** Opening Data segment block **
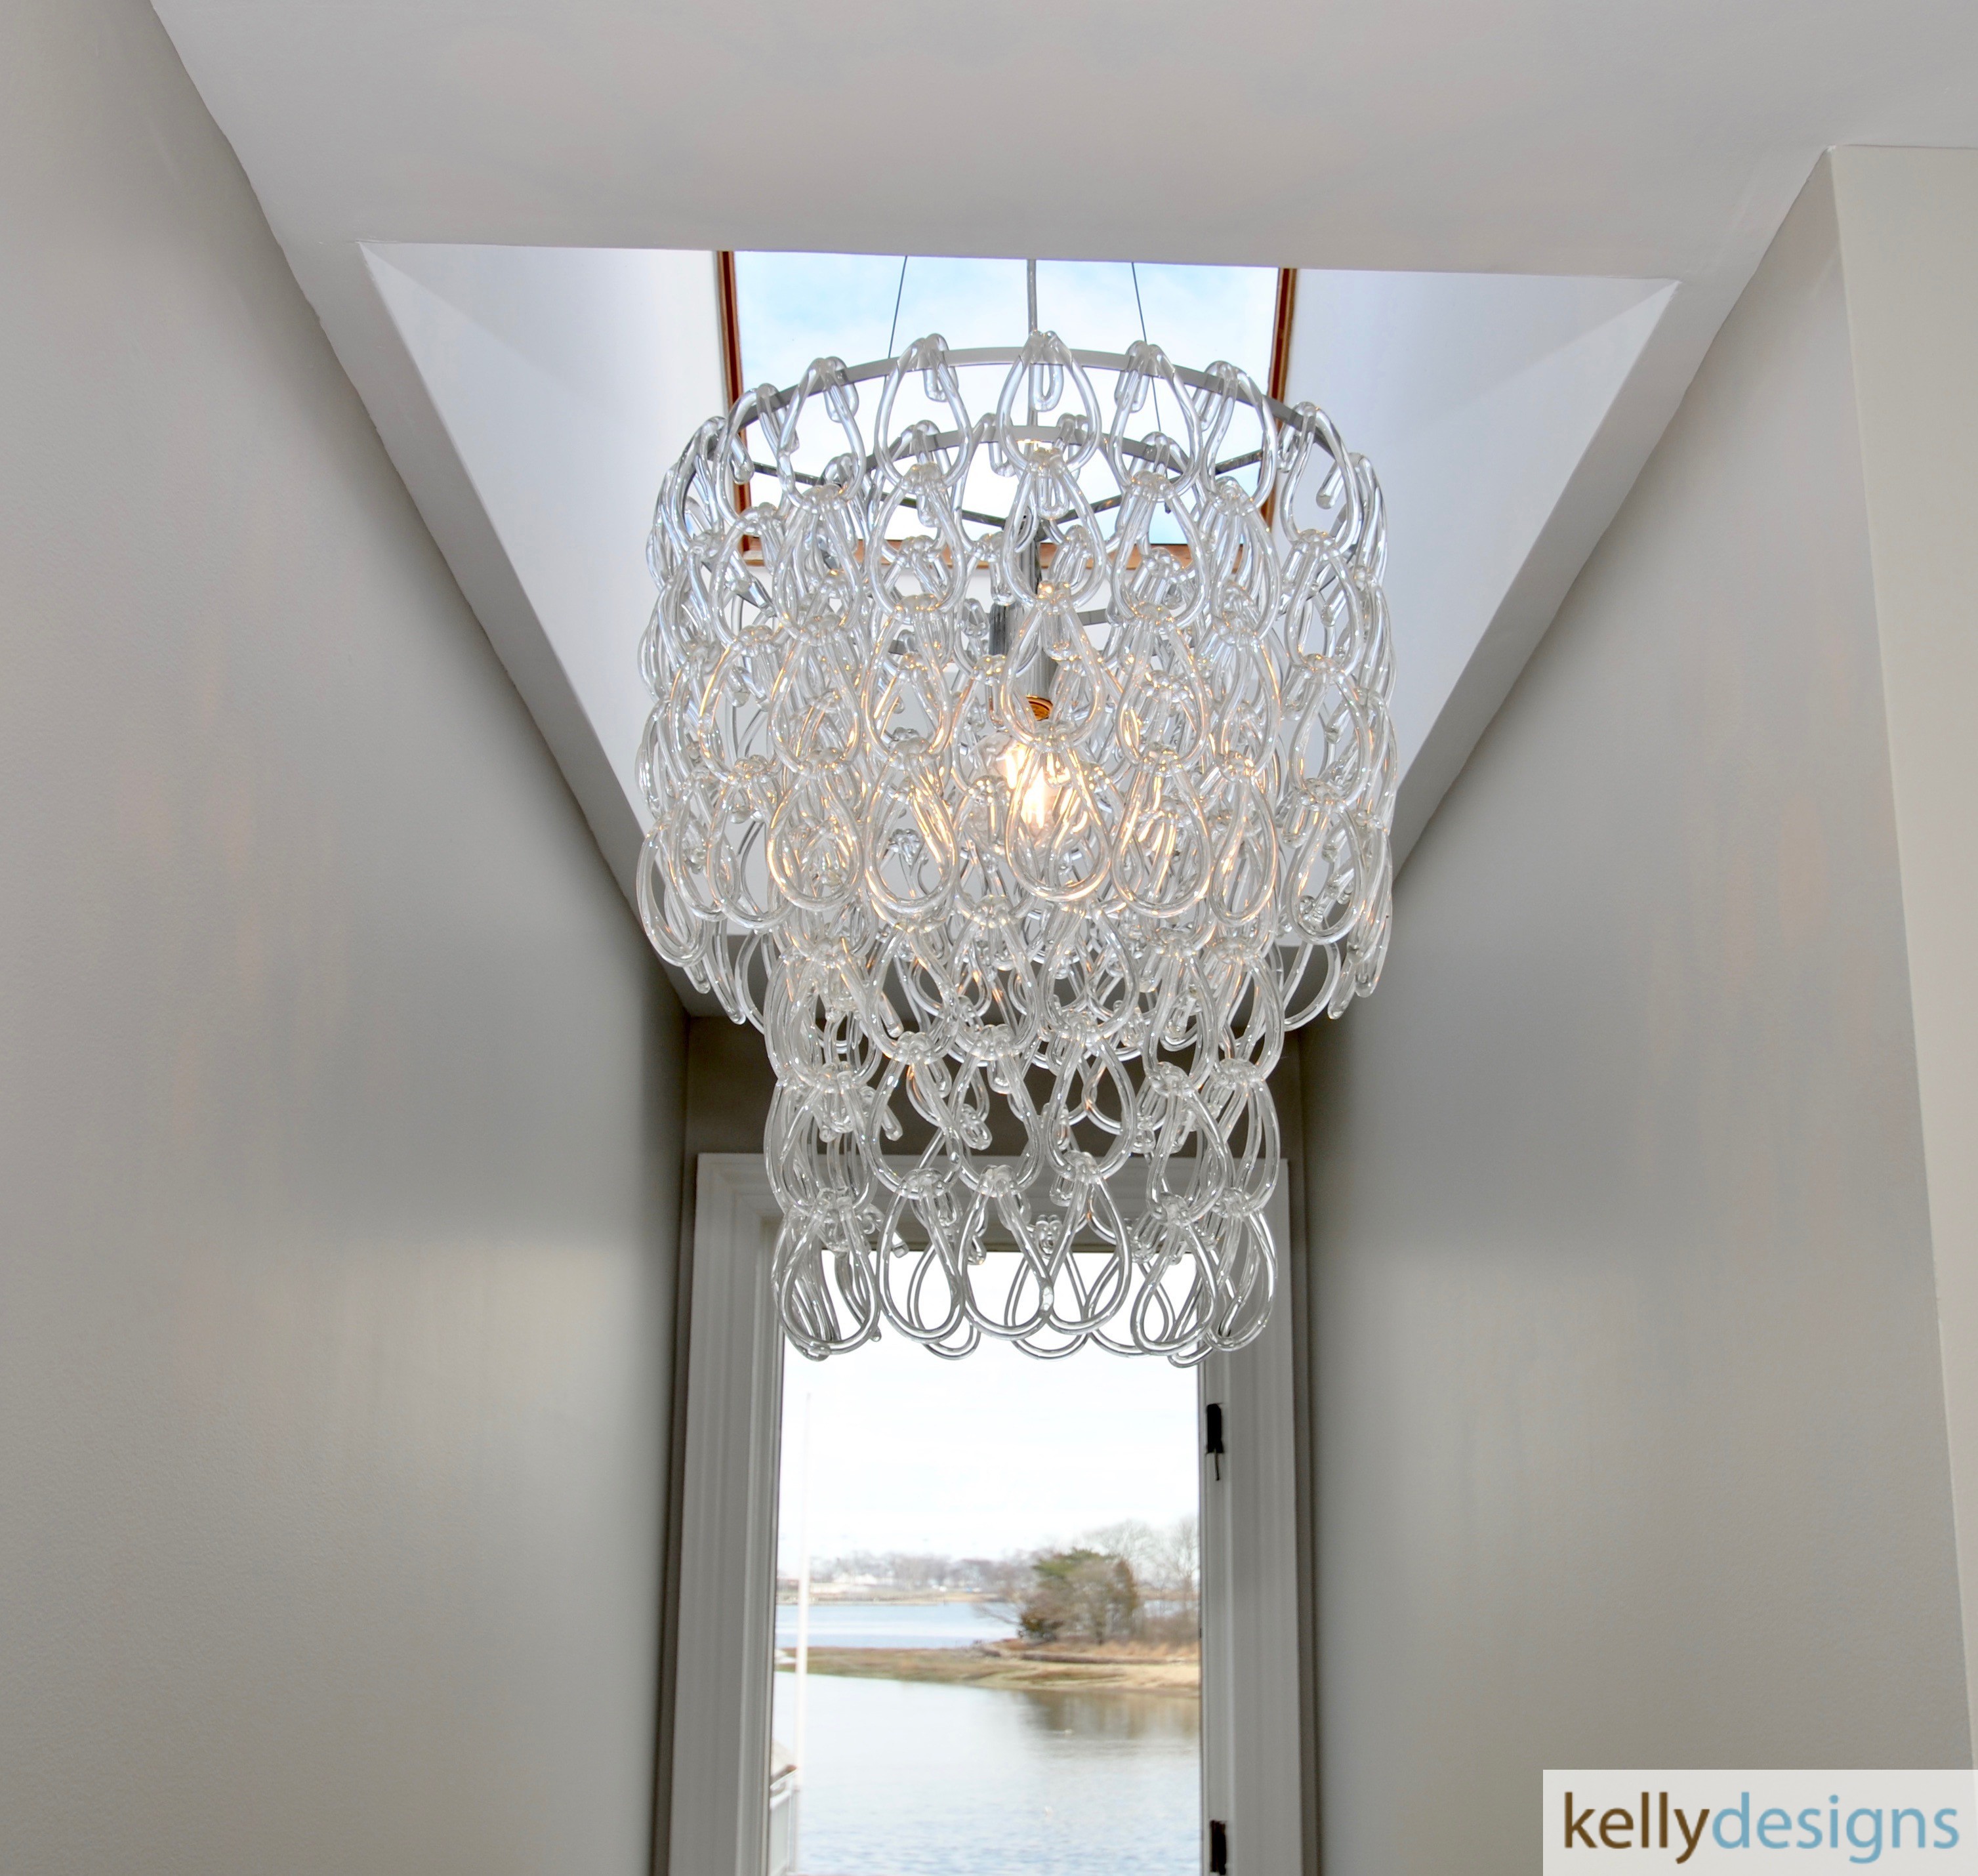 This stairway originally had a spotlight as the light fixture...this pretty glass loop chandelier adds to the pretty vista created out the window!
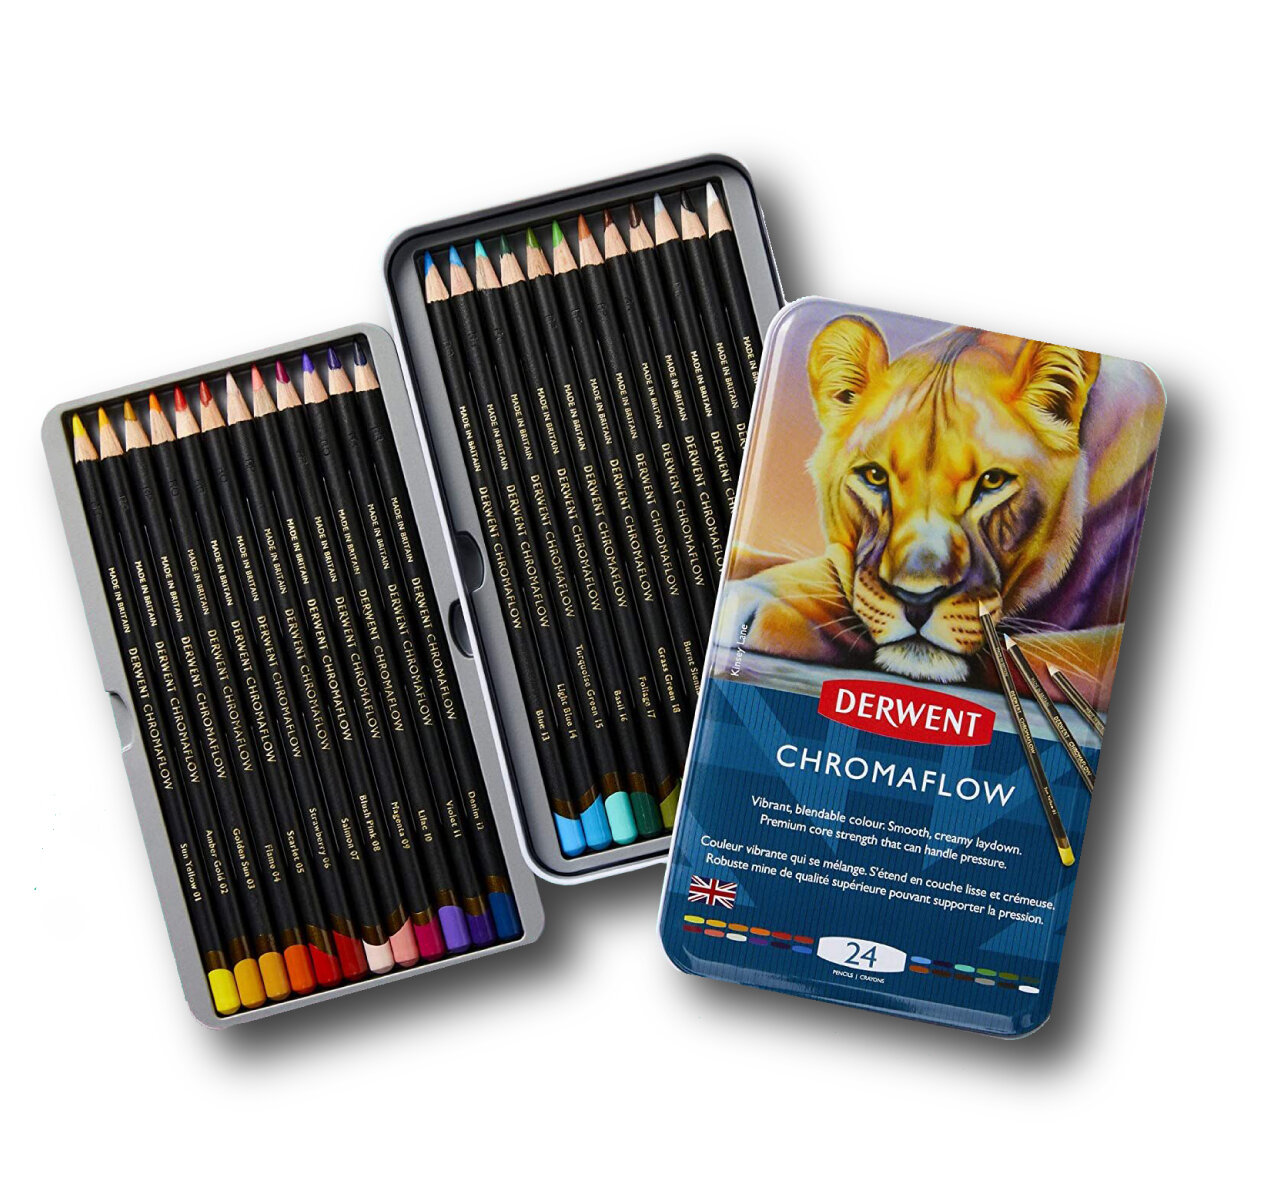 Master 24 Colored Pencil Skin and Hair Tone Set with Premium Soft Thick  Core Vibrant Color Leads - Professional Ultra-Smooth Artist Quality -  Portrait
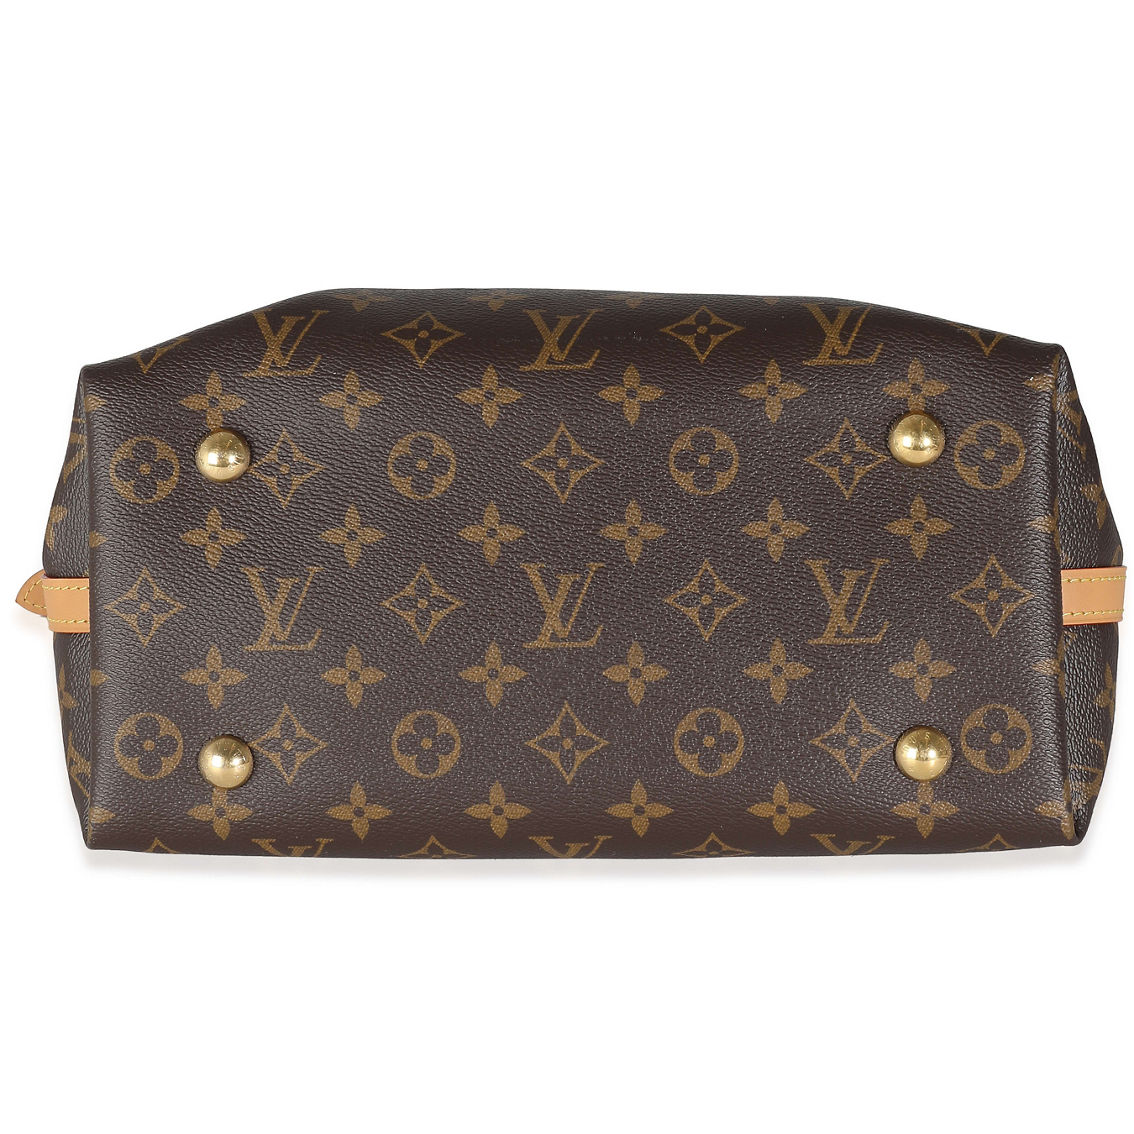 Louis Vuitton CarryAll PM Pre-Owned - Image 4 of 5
** Closing Data segment block **
Task requirements:
Working from the listing above, retype it exactly but include no images.

Exercise output:
 This stairway originally had a spotlight as the light fixture...this pretty glass loop chandelier adds to the pretty vista created out the window!
 Master 24 Colored Pencil Skin and Hair Tone Set with Premium Soft Thick  Core Vibrant Color Leads - Professional Ultra-Smooth Artist Quality -  Portrait
 Louis Vuitton CarryAll PM Pre-Owned - Image 4 of 5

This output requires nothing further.